@Searcher,
If you need to talk to them about it (i.e., they corner you / badger you), use the Socratic Method. That's where you just ask leading questions about the person's beliefs, statements, positions, etc.:
Socrates, the early Greek philosopher and teacher, believed that disciplined and thoughtful questioning enabled the student to logically examine and validat ...
cetl.uconn.edu
Like Skills said this will get them elaborating on their viewpoints. You never reveal your own. At most you just say, "Hmm that's interesting," and ask more questions. Depending on your goal you can just ask questions until you reach the point where they reveal they have no idea what they're talking about -- but I wouldn't advise that for the workplace. You'll just make enemies (the Athenian elites poisoned Socrates with hemlock after he pissed them off enough with his question-asking!).
Personally with agitated political people I will ask a few questions like this to get them to explain their views a bit, basically just bring them to the precipice to where they start to feel uncertain about what they're saying, then I will change the subject. Gets them off their high horse, but avoids robbing them of face; the topic change lets them save face, so they end up being grateful. They also realize that talking to you about politics risks exposing them as idiots so they refrain from bringing it up with you again in the future and just stick to more agreeable subjects.
(so for me the technique is: don't go all the way into making them feel like idiots, just bring them close enough to it that they can feel that talking to you anymore about this would be a bad idea for their face)

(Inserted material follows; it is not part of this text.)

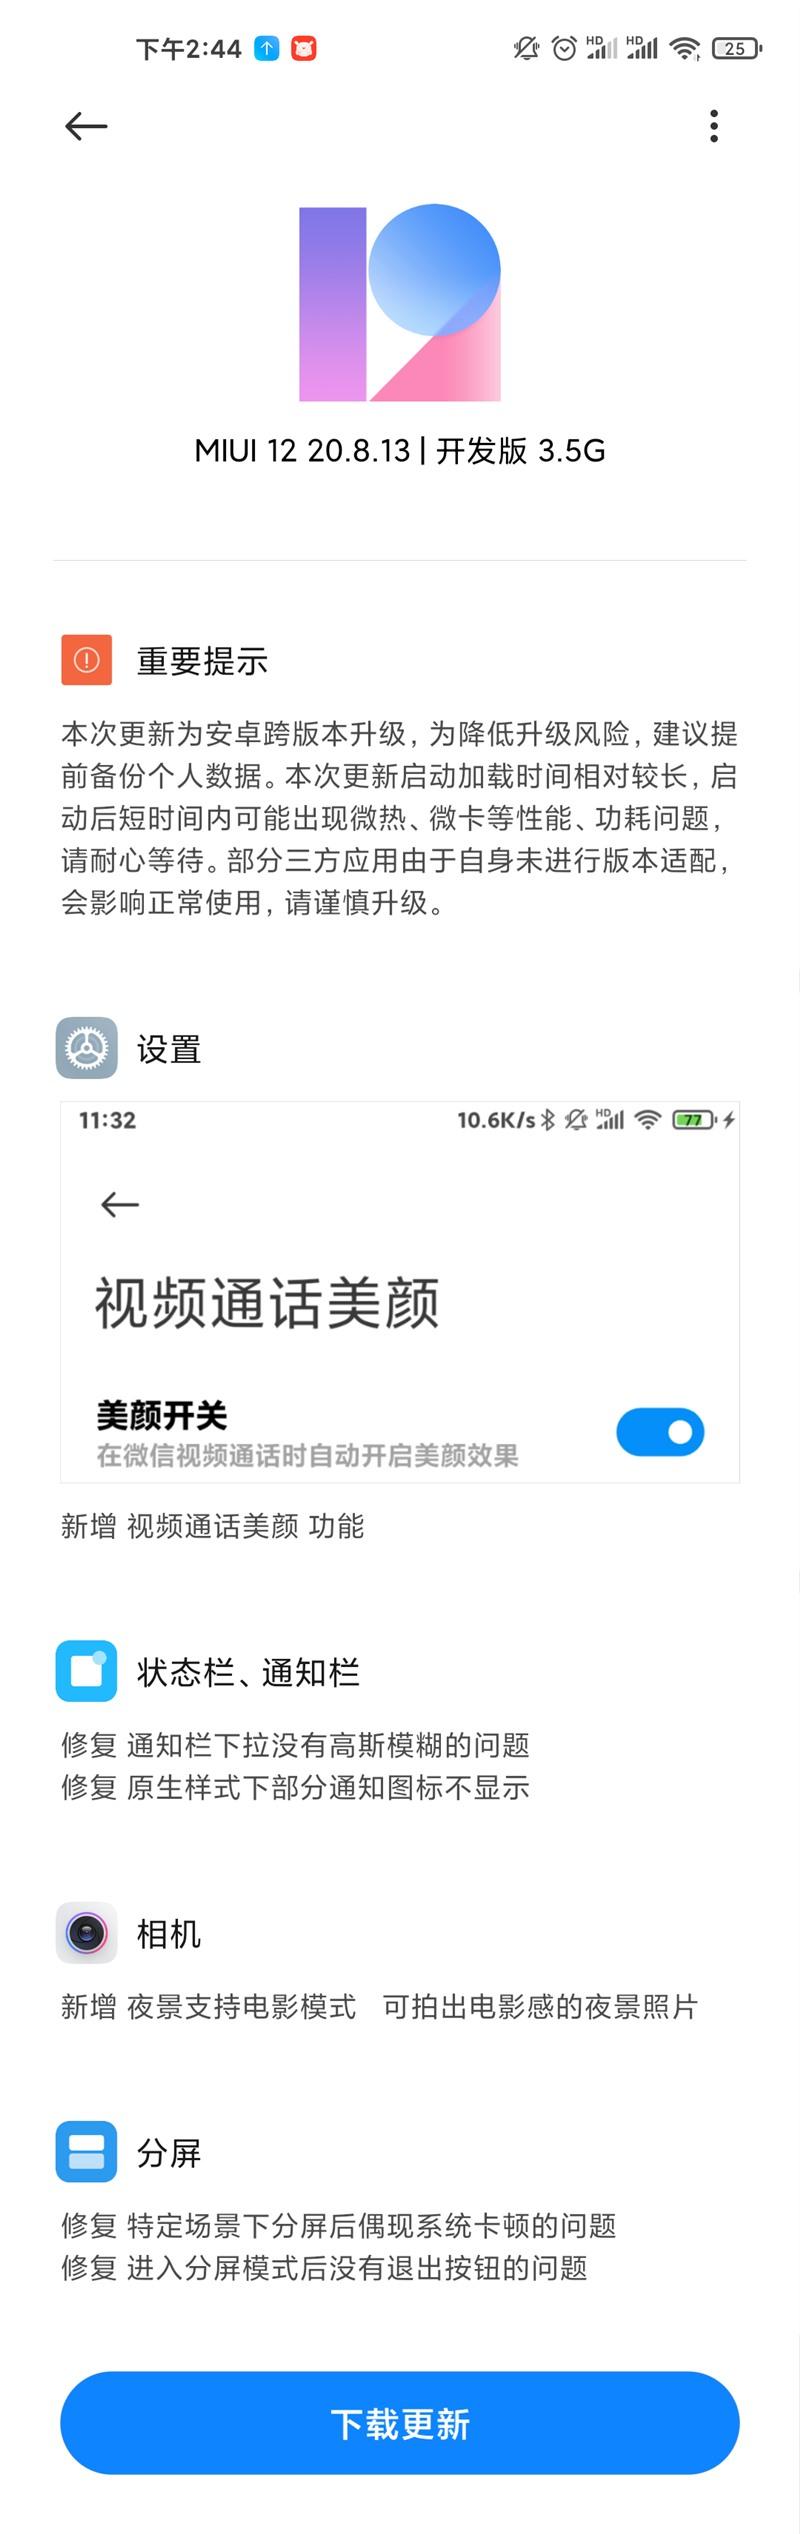 小米 10 系列 MIUI12 开发版再更新:基于安卓 11,新增视频美颜
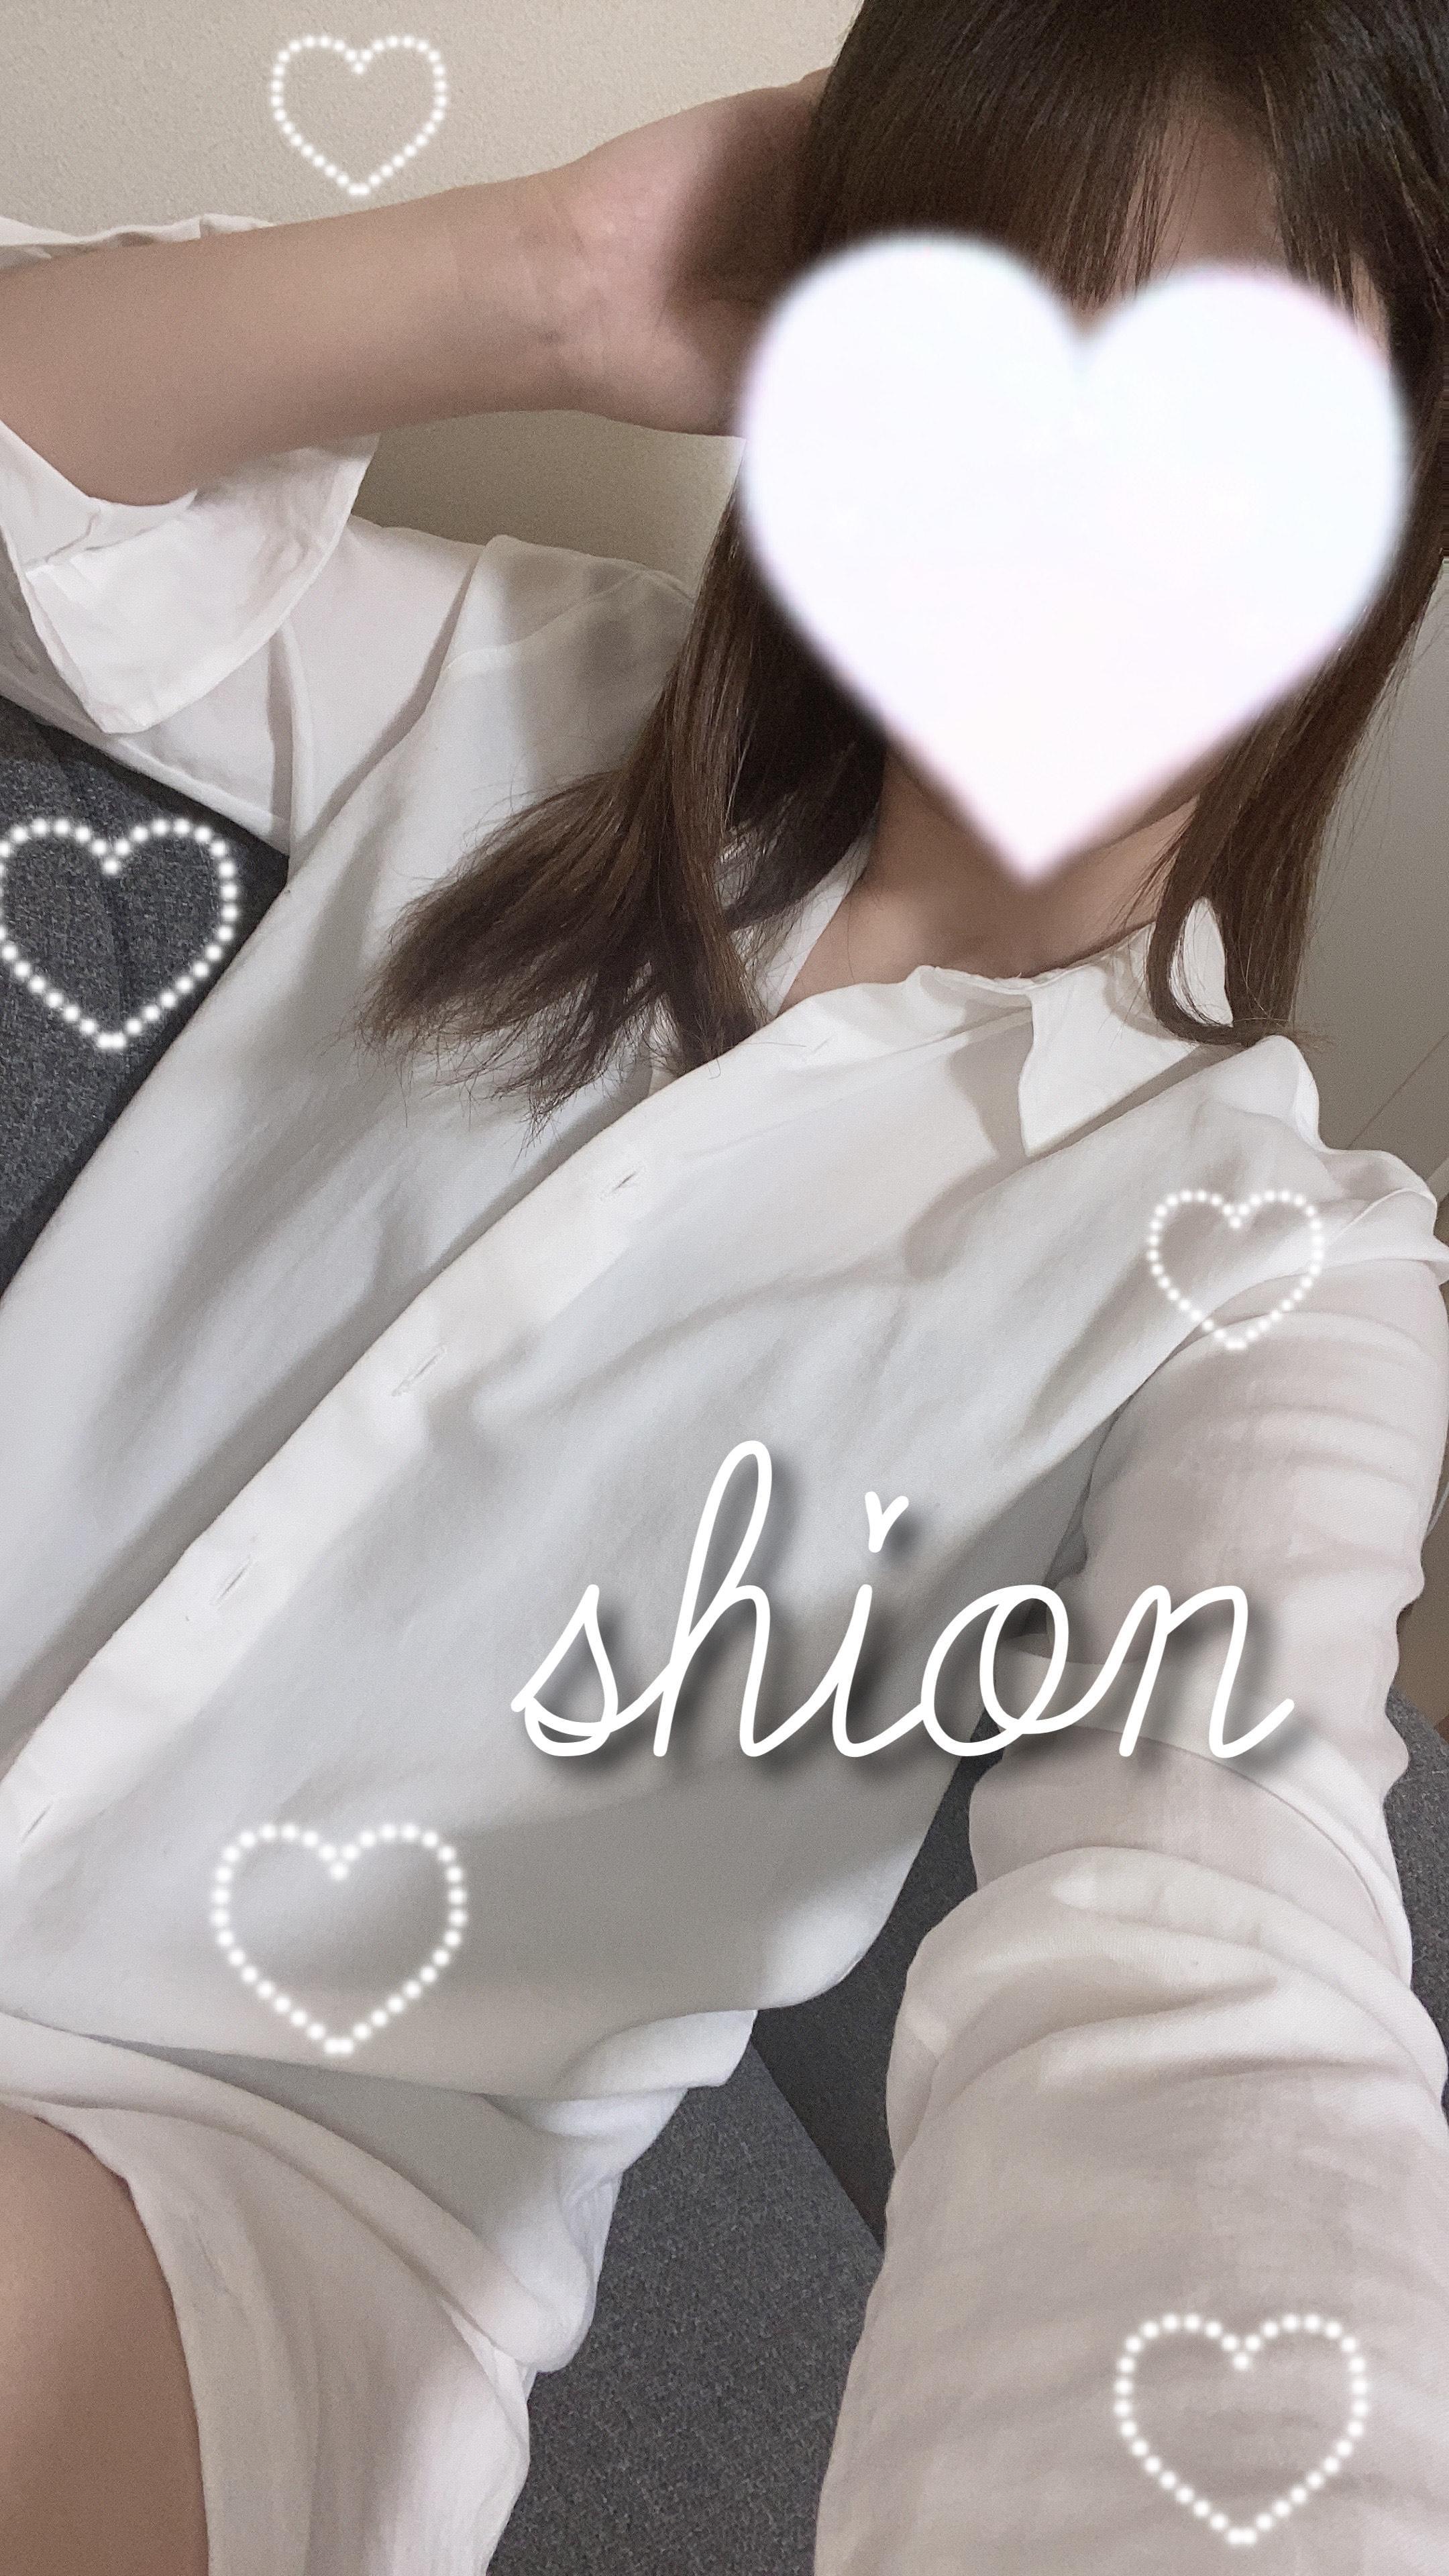 「出勤♡」05/27(05/27) 20:15 | 詩音(しおん)の写メ

Otherwise, if you do NOT need to talk to them (i.e., they are not badgering you or cornering you), and it's just bugging you listening to it, it helps to understand Jonathan Haidt's
Moral Foundations Theory:
e.g., if they are liberal and you are conservative, you will value
- Care/harm
- Fairness/cheating
- Loyalty/betrayal
- Authority/subversion
- Sanctity/degradation
- Liberty/oppression
Meanwhile they will ONLY value
- Care/harm
- Fairness/cheating
You both have equivalent amounts of "fucks to give", but yours are distributed among six categories of values while theirs are concentrated into two. To your ears they will be OVEREMPHASIZING the importance of those two while seeming morally bankrupt on the other six; to their ears (if you start spouting politics back) you will have weirdly misplaced values on values spectrums that TO THEM are not even moral dimensions at all; meanwhile you will not value the two moral foundations that to them are the only ones that actually matter nearly enough, which makes YOU seem "morally bankrupt."
This is a largely unbridgeable gulf, because you cannot get them to view your extra values as "moral values" except in the abstract, and only if they are very open-minded (most people aren't). So it is better just to understand that people with opposing views to yours are simply operating from a different set of morality
at a foundational level and there's no point trying to argue with them about surface-level politics. You'd have to totally change their moral foundations first, which you almost certainly cannot (i.e., your first task before you deal with superficial politics is to get Mr. Liberal to decide it is important to respect authority, honor loyalty, maintain purity, and value liberty. You will not succeed at that, which makes the superficial conversation moot).
Once you understand it then you can just shrug, because that conversation is irrelevant to you.
Also, arguing politics with peons is just totally pointless, unless you work in a Senator's office or something. If you could change their minds, would that change your government's policy? Unlikely! So it's just a colossal waste of time and productive energy.